- _What to produce_: Could you give back exactly the lines below from the one with "logo Objecto interieurschilders" through the one with "figurines de vestido", without a single picture?

- _Provided material_:
****************************************
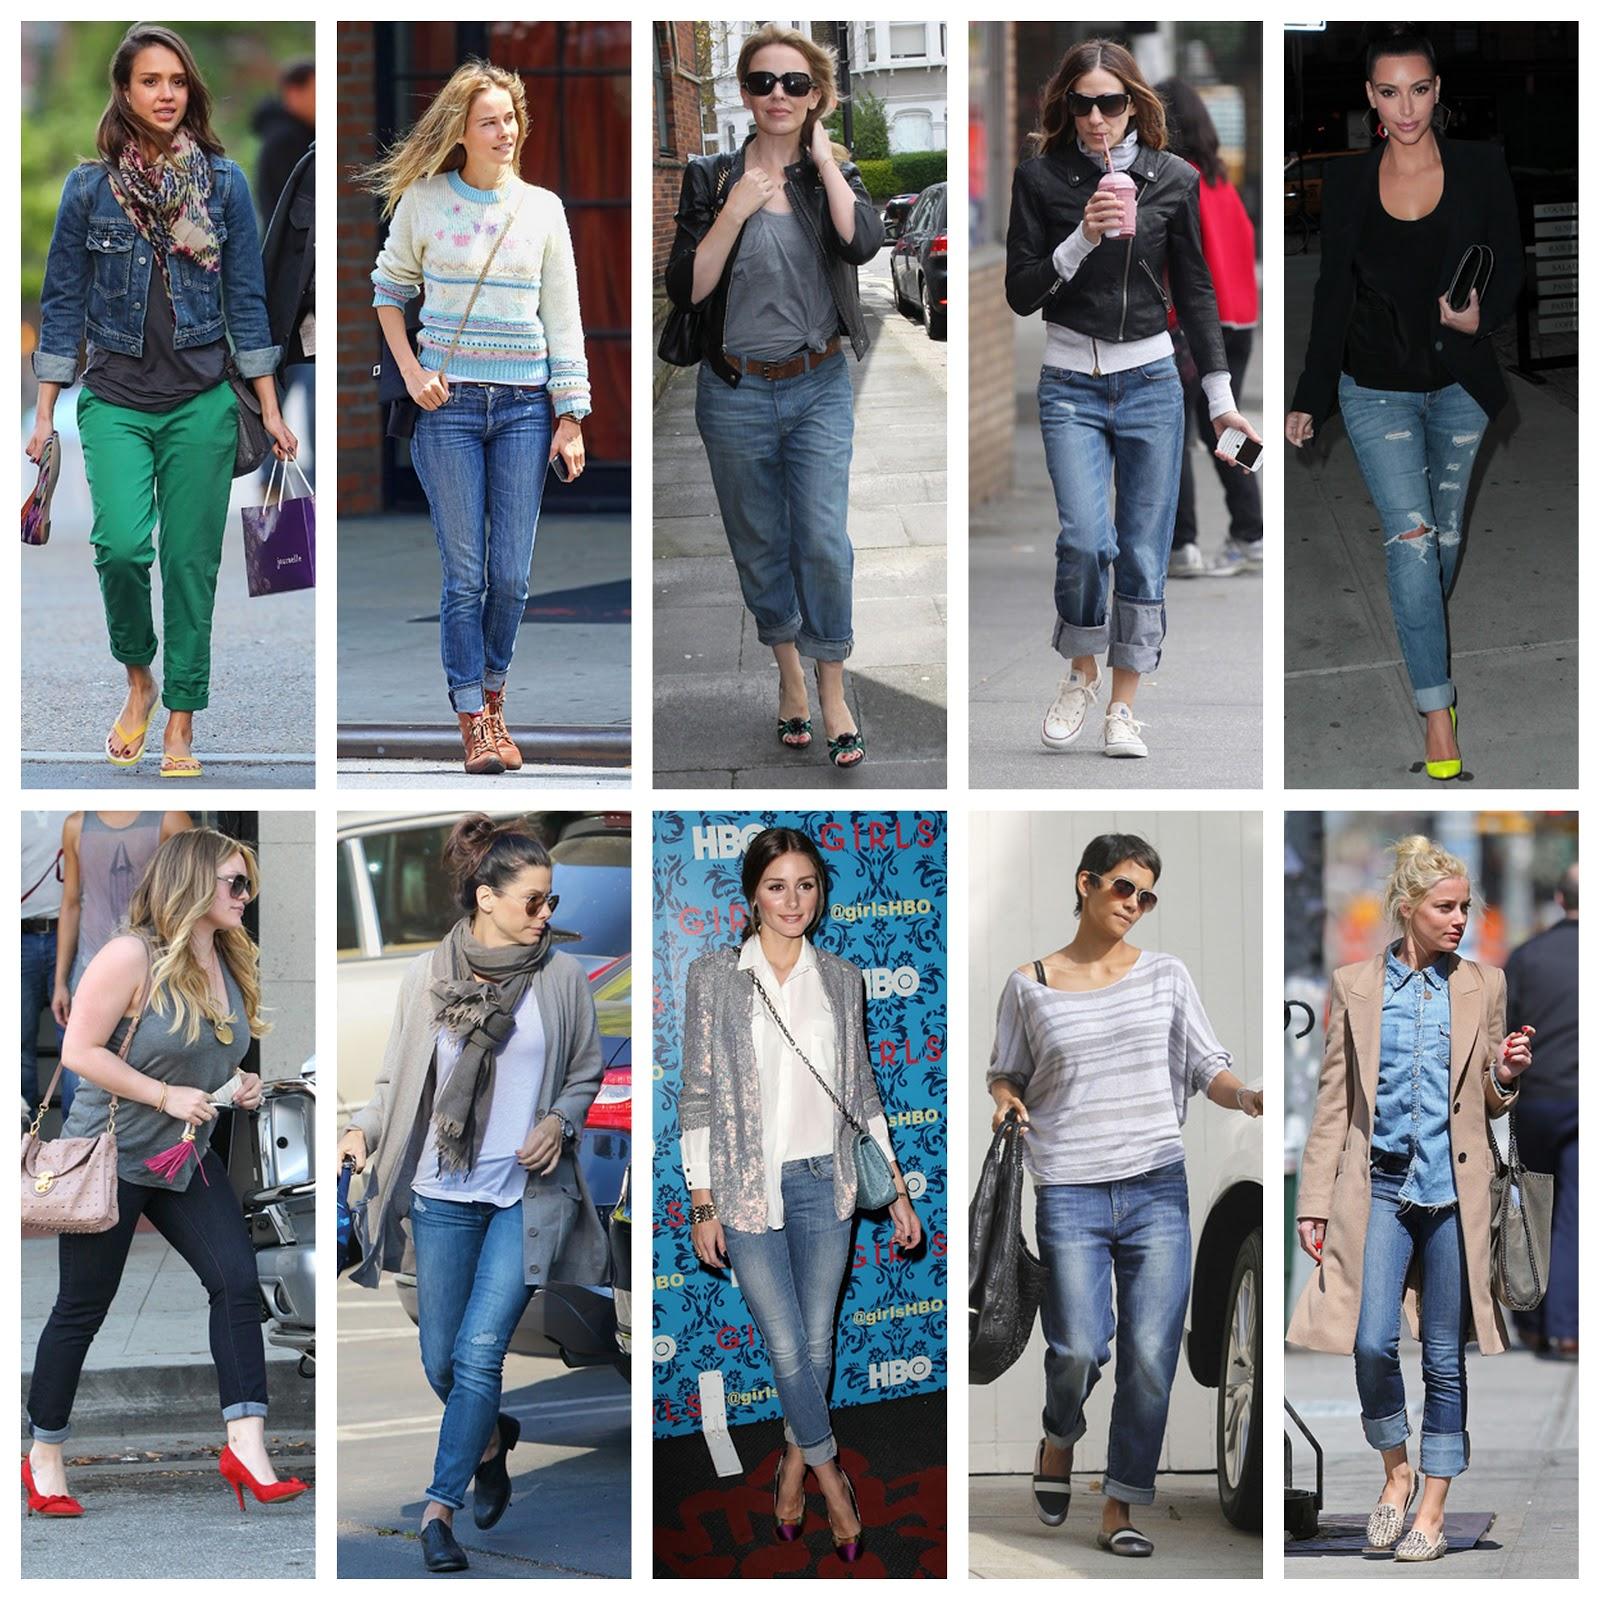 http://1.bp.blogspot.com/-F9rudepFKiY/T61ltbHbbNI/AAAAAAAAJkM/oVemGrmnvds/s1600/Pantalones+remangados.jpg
****************************************
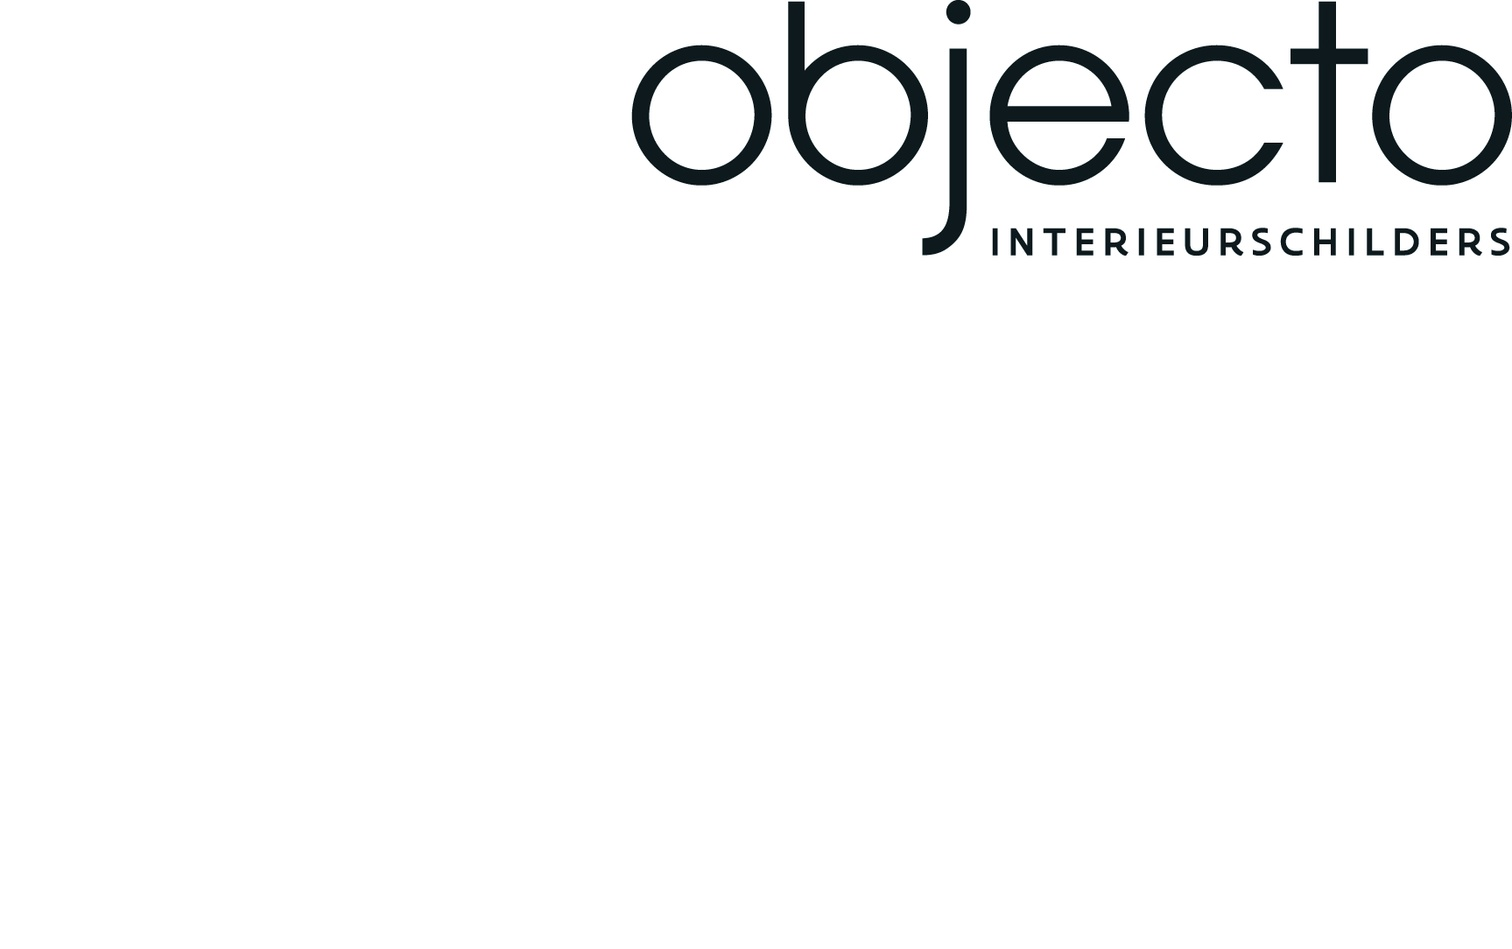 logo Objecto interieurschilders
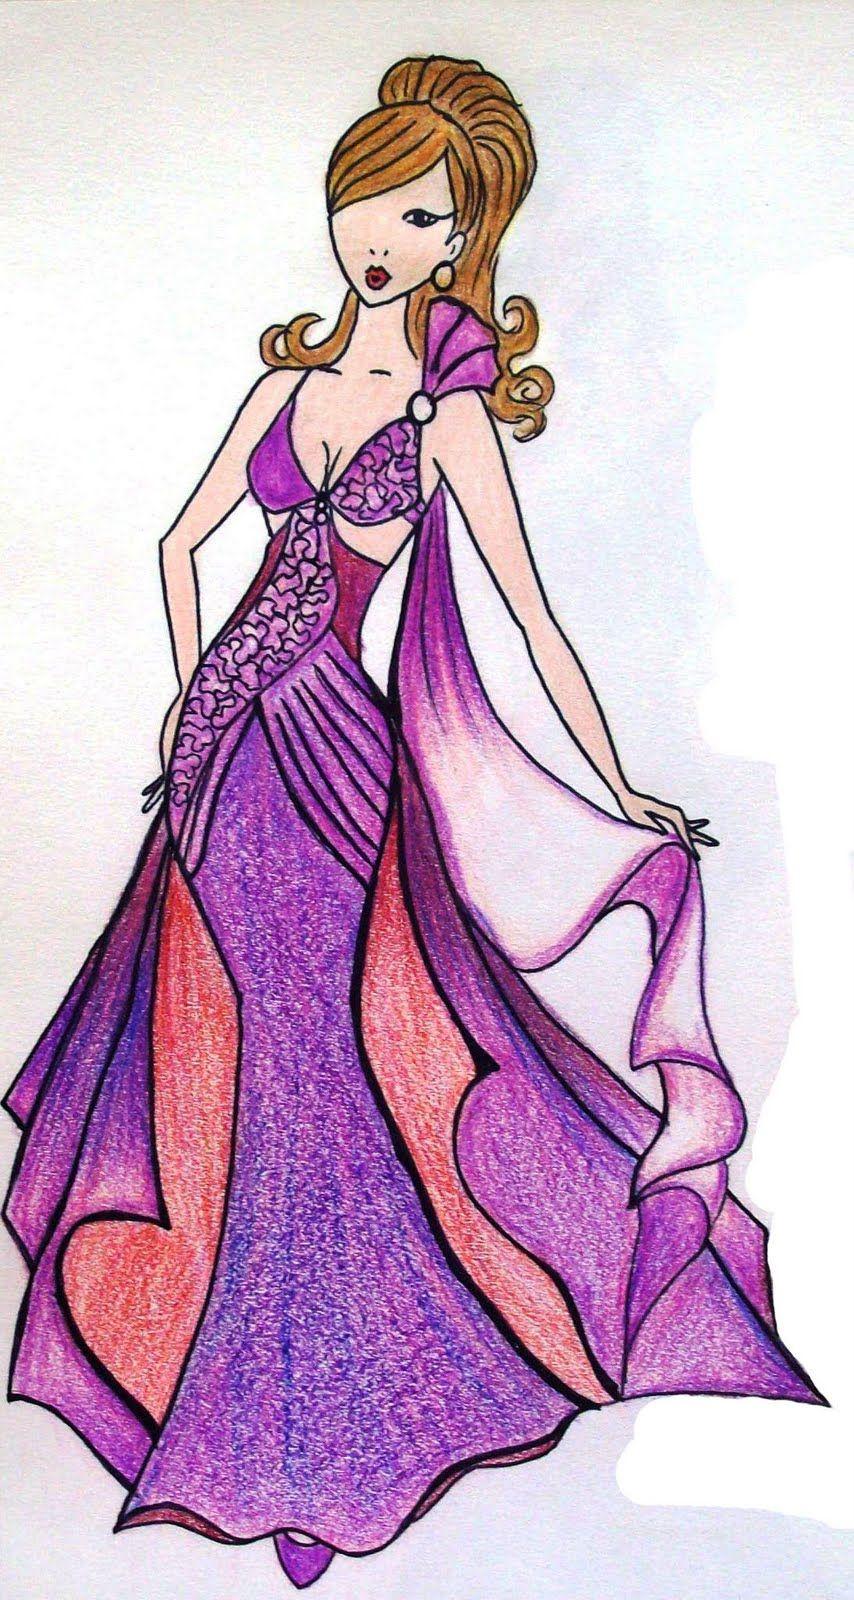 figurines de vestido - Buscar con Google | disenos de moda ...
****************************************
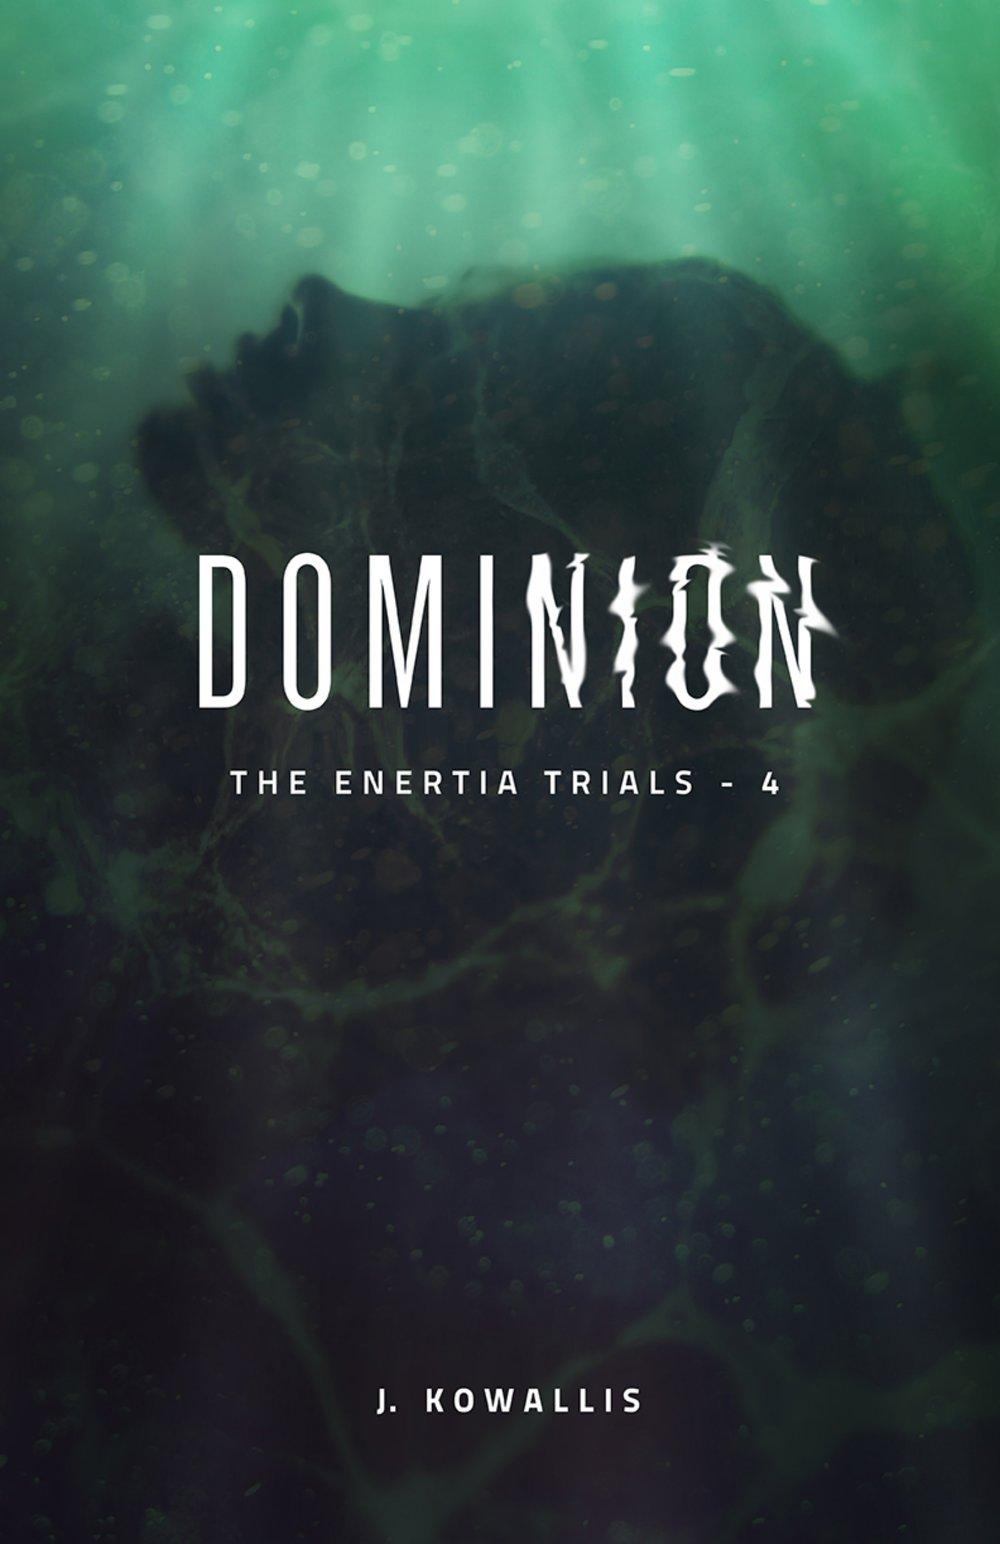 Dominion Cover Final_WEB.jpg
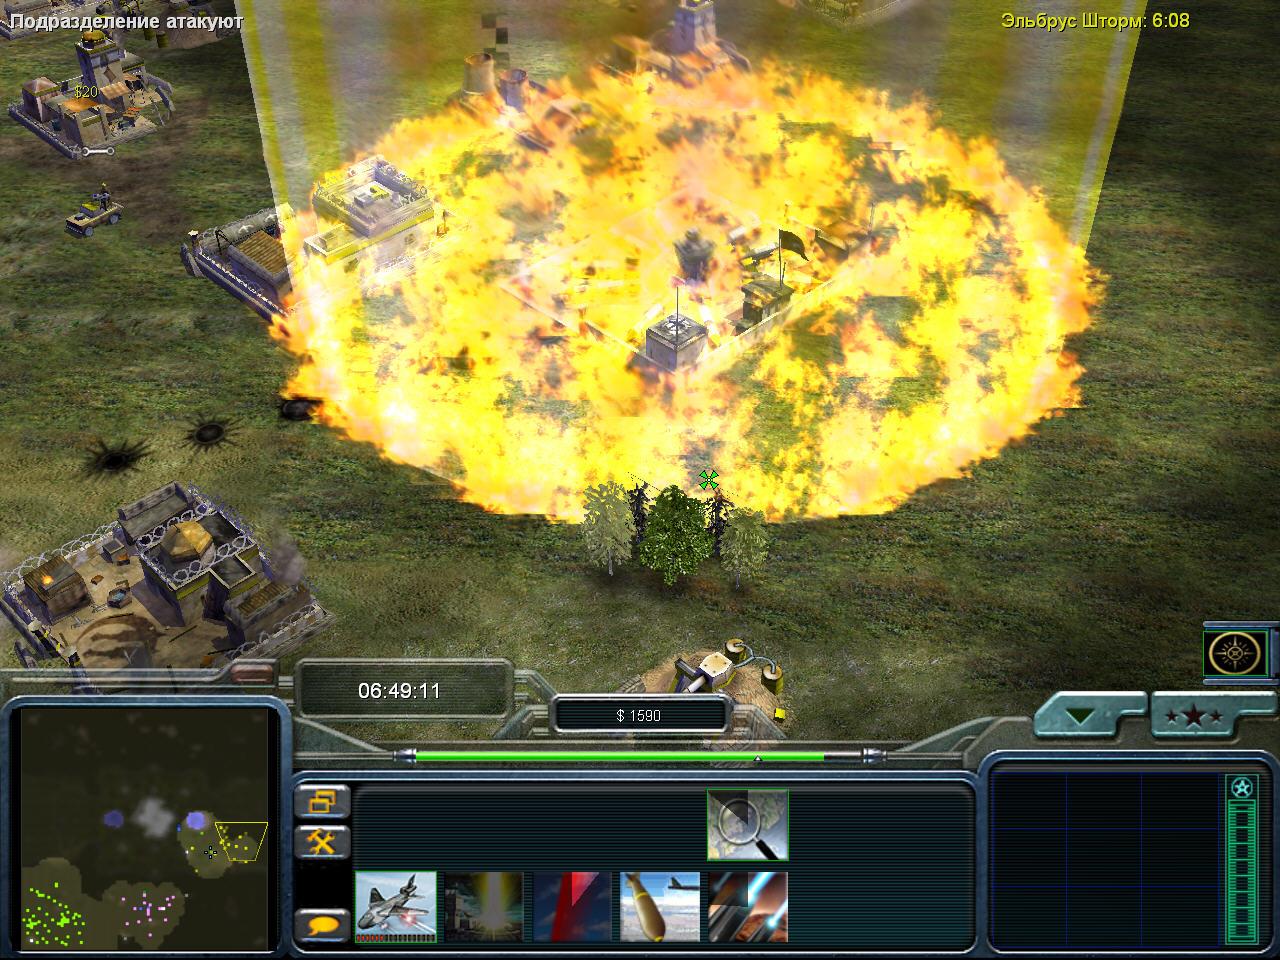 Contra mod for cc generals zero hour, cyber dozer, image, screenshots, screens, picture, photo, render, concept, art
****************************************
- _Answer to the exercise_:
 logo Objecto interieurschilders
 figurines de vestido - Buscar con Google | disenos de moda ...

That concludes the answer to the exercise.